Edwige, 14 ans, était encore sous sa couette lorsque
la mère est partie travailler, en lançant : « A
ce soir ». Sa fille a répondu quelque chose
comme « hum hum ». Quand Odile est repassée
un peu plus tard dans la matinée, parce qu’elle
avait oublié quelque chose, il y avait un mot sur la
table de l’entrée : « Monte
au grenier. » Elle a hésité, elle était
déjà en retard. Puis, elle est montée.
Edwige avait choisi ses vêtements préférés.
Elle était adossée à une échelle,
un drap serré autour de son cou. Son visage était « détendu », « serein »,
avec « comme un petit sourire ».
Après ce traumatisme absolu, les parents ont mis longtemps à se
relever. Comprendre, affronter le regard, la culpabilité qui
ronge, le tabou qui isole. Pour briser celui-ci, ils témoignent,
avec d’autres, des étapes qu’ils ont traversées
ou traversent encore.
« L’impression de tomber »
« La souffrance n’est même pas aiguë,
se souvient Arlette. Vous êtes comme anesthésié ».

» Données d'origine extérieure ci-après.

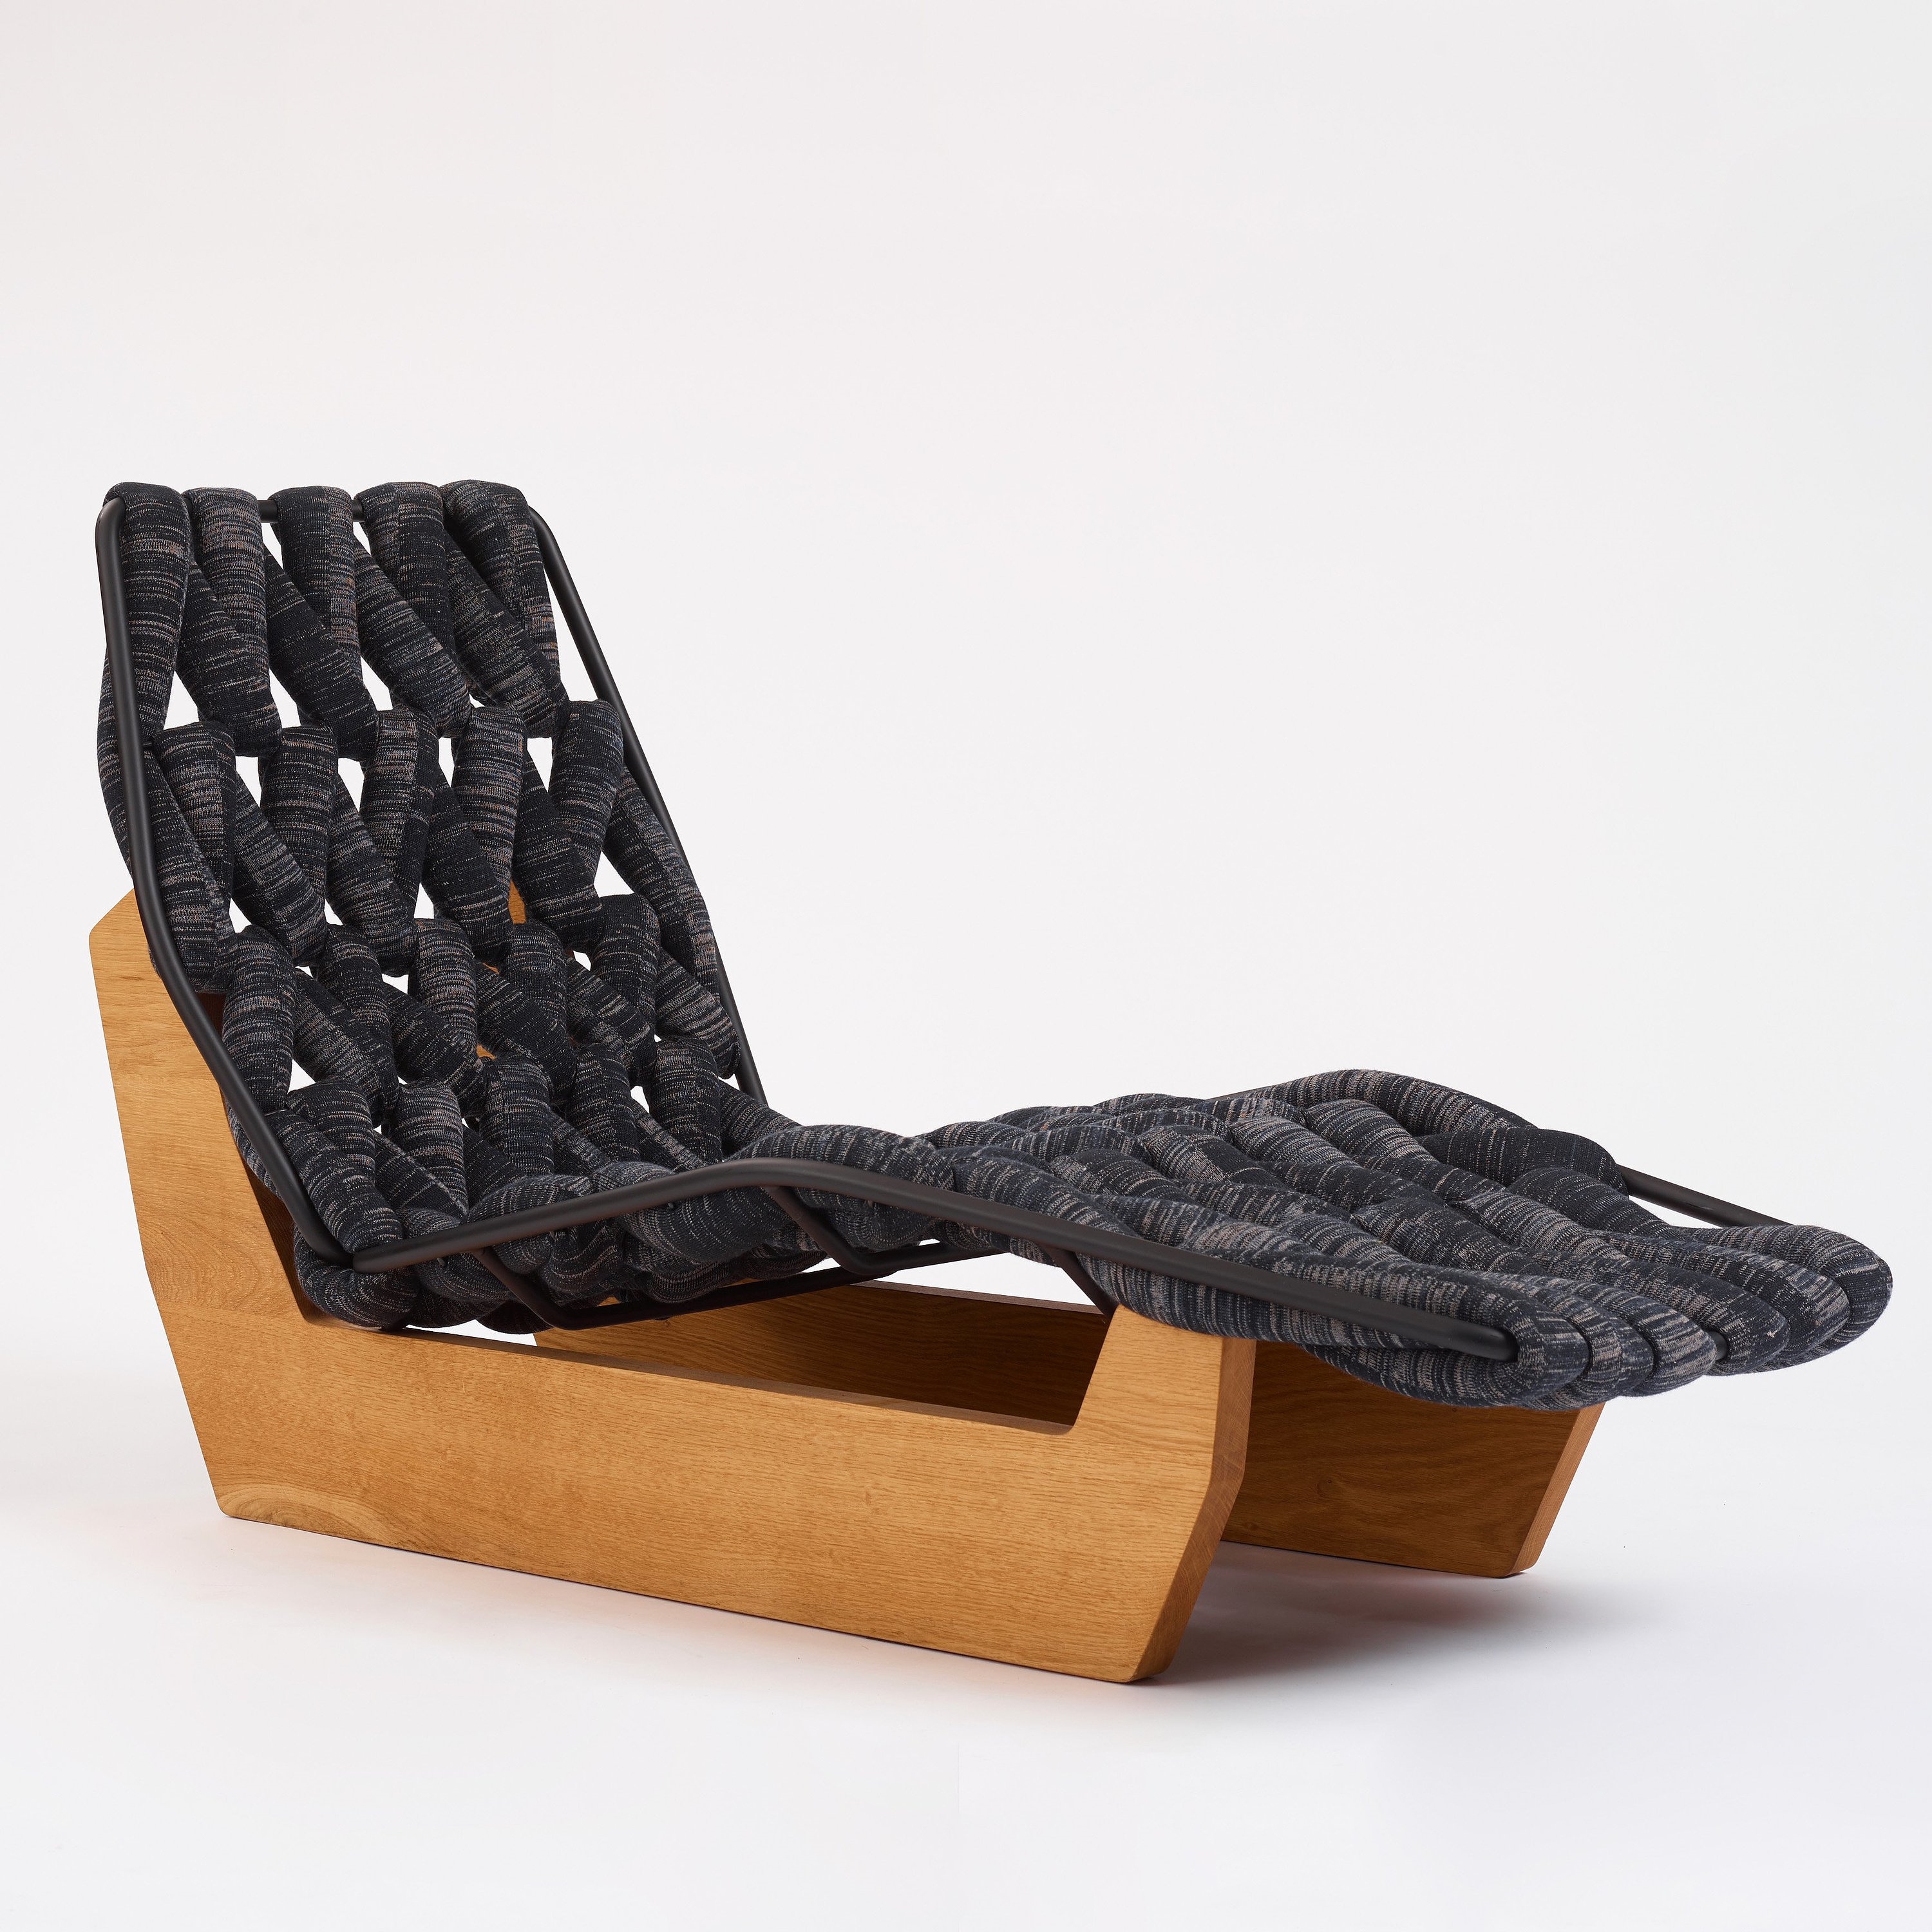 Artwork by Patricia Urquiola, 'Biknit', chaise longue, Made of black and grey textile

Les formalités vous portent quelques jours, « comme
un zombi », « un automate »,
puis l’absence physique devient intolérable.
« Vous avez l’impression de tomber dans un
trou d’où vous ne pourrez plus sortir »,
dit Marie-Thérèse. D’autres parents parlent
d’un « gouffre », d’une
« d’une descente aux enfers ».
L’autopsie, systématique pour les morts violentes,
ramène au corps. « Pierre-Alain s’était
déjà ouvert le ventre, soupire Arlette. Il n’y
avait pas de doute. Pourquoi a-t-il fallu l’ouvrir entièrement ? »

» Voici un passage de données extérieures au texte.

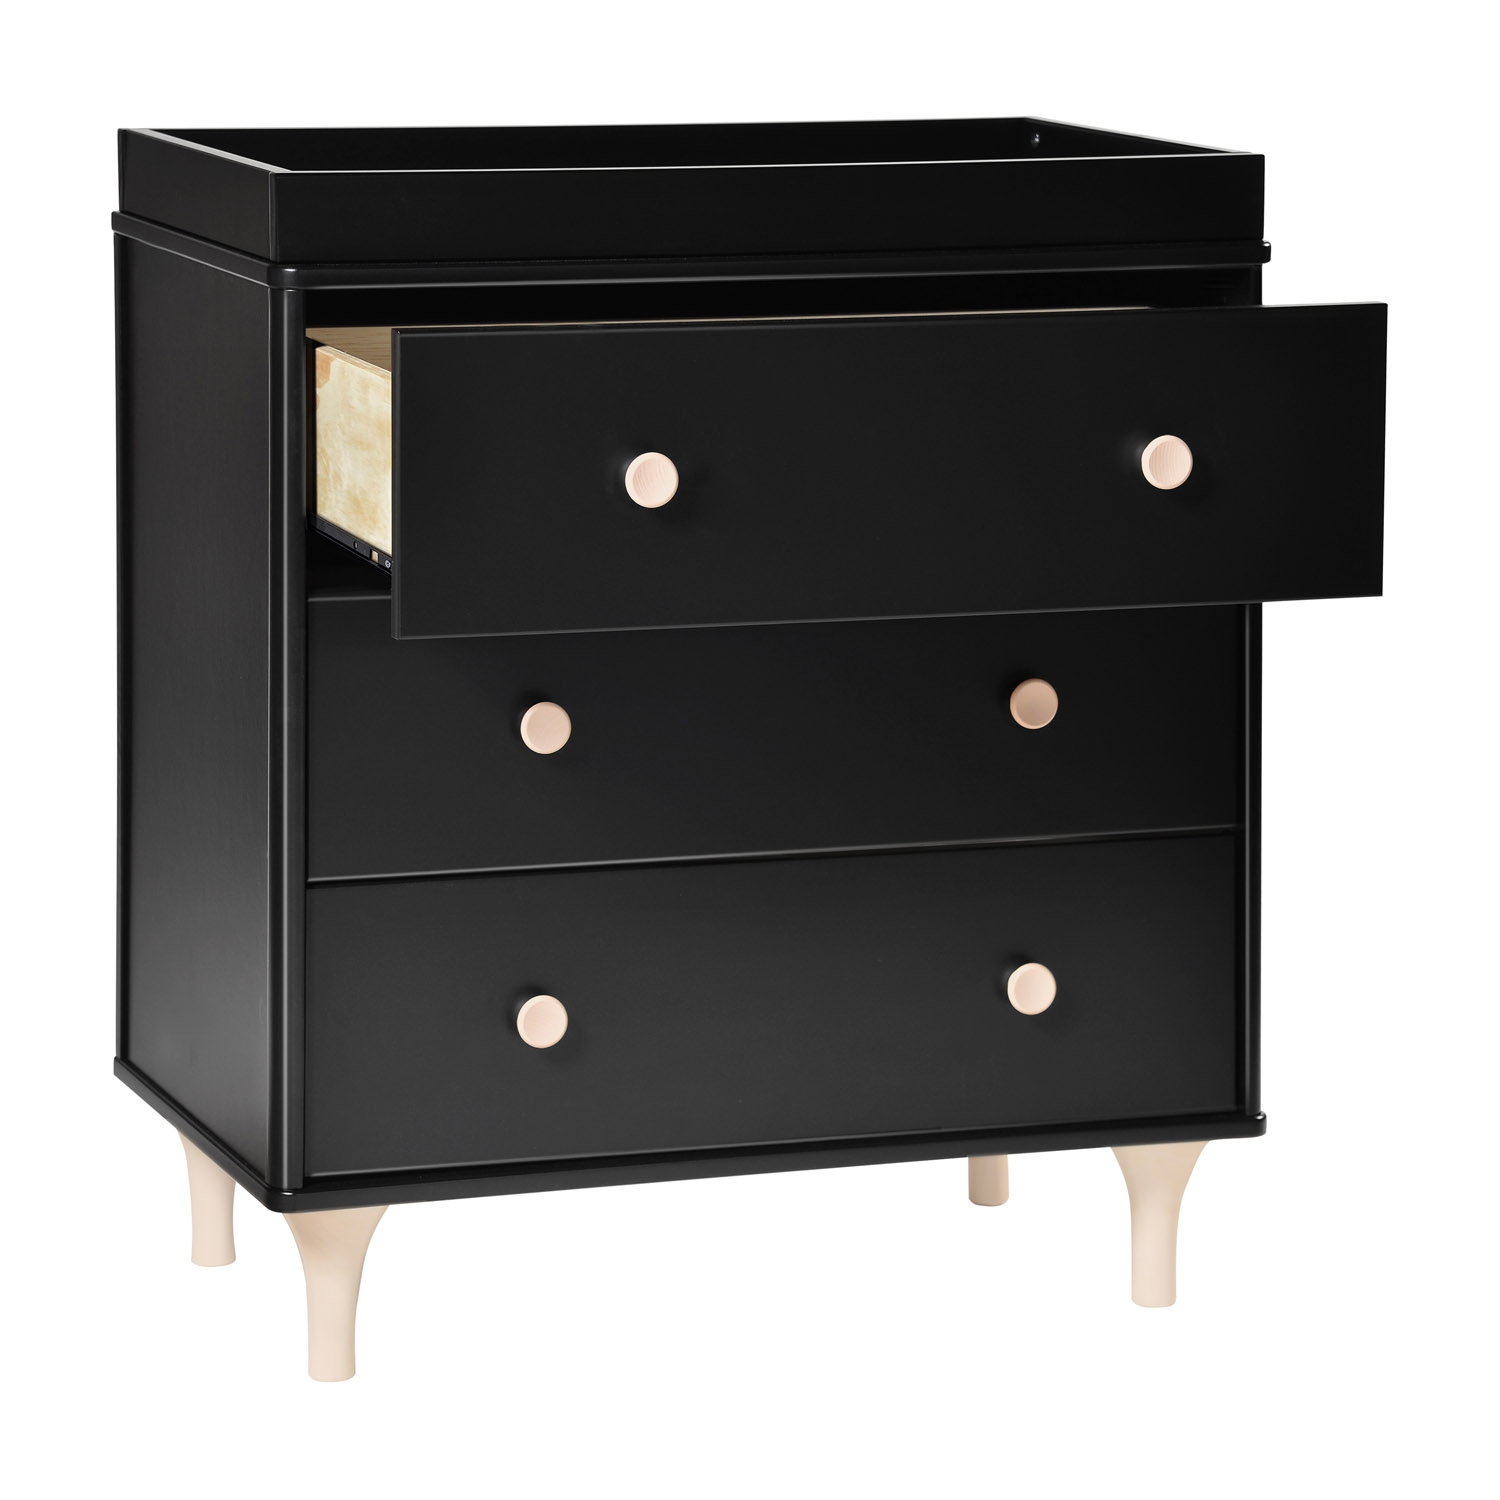 Babyletto Lolly Modern Classic Black Changing Station Dresser - Image 2

Michel Debout, psychiatre et médecin légiste,
spécialiste du suicide, justifie l’effraction
médicale, dans l’intérêt même
des parents : « L’autopsie permet de
lever les ambiguïtés. Avec le temps, l’évidence
du suicide s’estompe, et le déni de l’acte
peut souvent prendre le pas. Le médecin légiste
est là aussi pour restituer aux familles ce qu’il
comprend du geste, à travers l’examen médical.
» (…) Odile, de son côté, a été
soulagée d’apprendre par l’autopsie que
sa fille « n’avait pas été
violée, qu’elle n’était pas enceinte,
pas droguée ». (…)
« Essayer de comprendre »
Dans un tiers des suicides, les familles retrouvent une lettre.

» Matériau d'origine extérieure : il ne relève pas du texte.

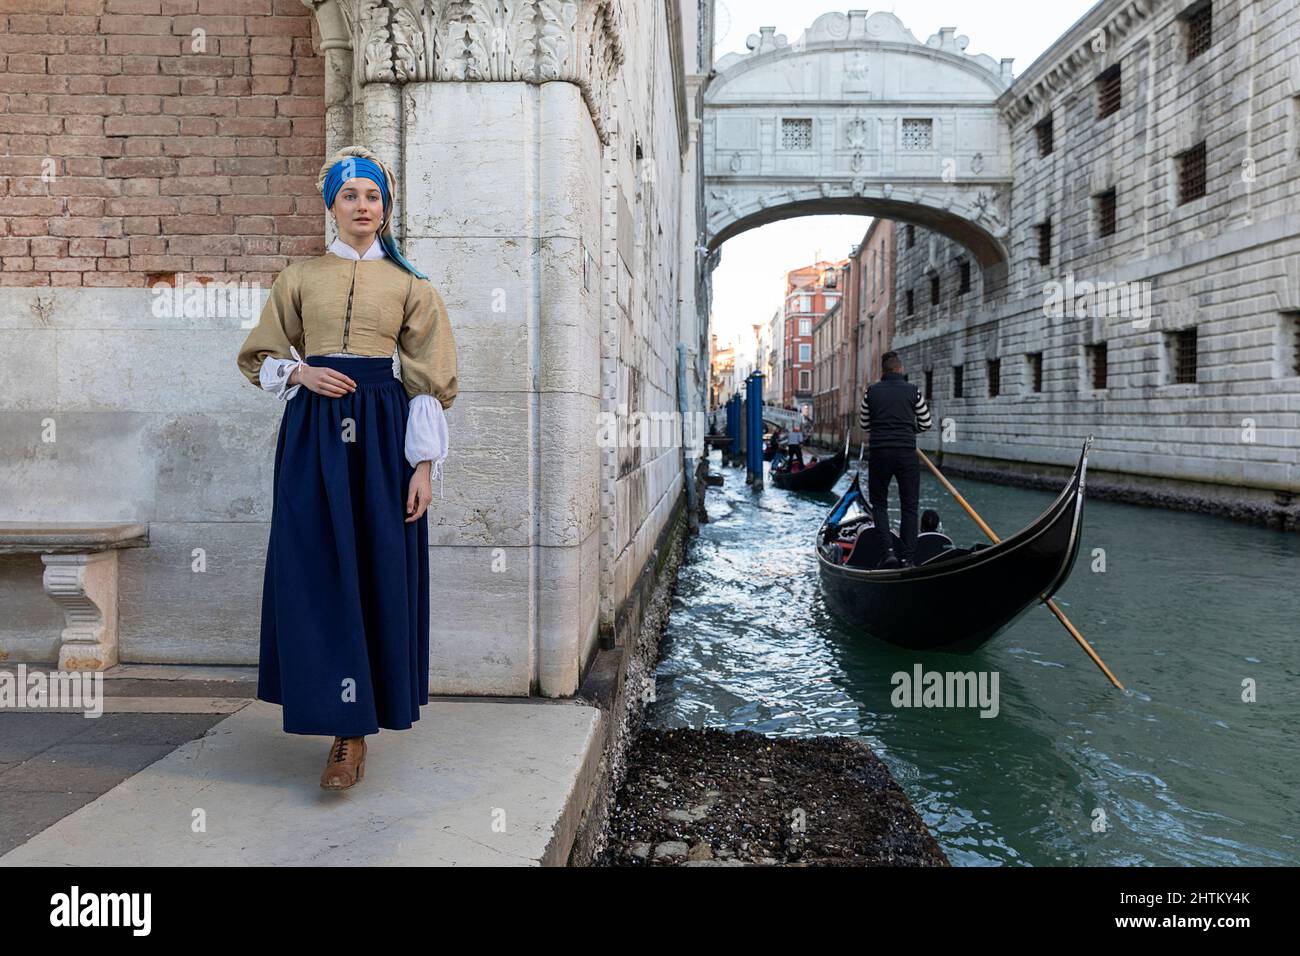 Woman in a beautiful traditional venetian costume and mask posing like Vermeer’s Girl With a Pearl Earring near Ponte della Paglia, Venice carneval Stock Photo

Passées les premières colères (contre
soi, contre l’enfant, contre le monde médical,
les psys, le monde entier), comprendre devient une obsession.
Comme un disque rayé, la vie des parents se met à tourner
autour de « pourquoi ? ». Ils
s’essaient à reconstituer le puzzle, à partir
des derniers signes, des derniers objets ou des textes. Mais,
parfois, les derniers mots sont tellement mystérieux.
(…) Pour le Pr Debout, « Il ne faut pas
faire l’économie d’essayer de comprendre.
Mais, sans se défiler, il faut également admettre
la part d’incompréhensible. L’enfant,
même dans la mort, garde un jardin secret. Il refuse
de devenir complètement transparent pour ses parents ».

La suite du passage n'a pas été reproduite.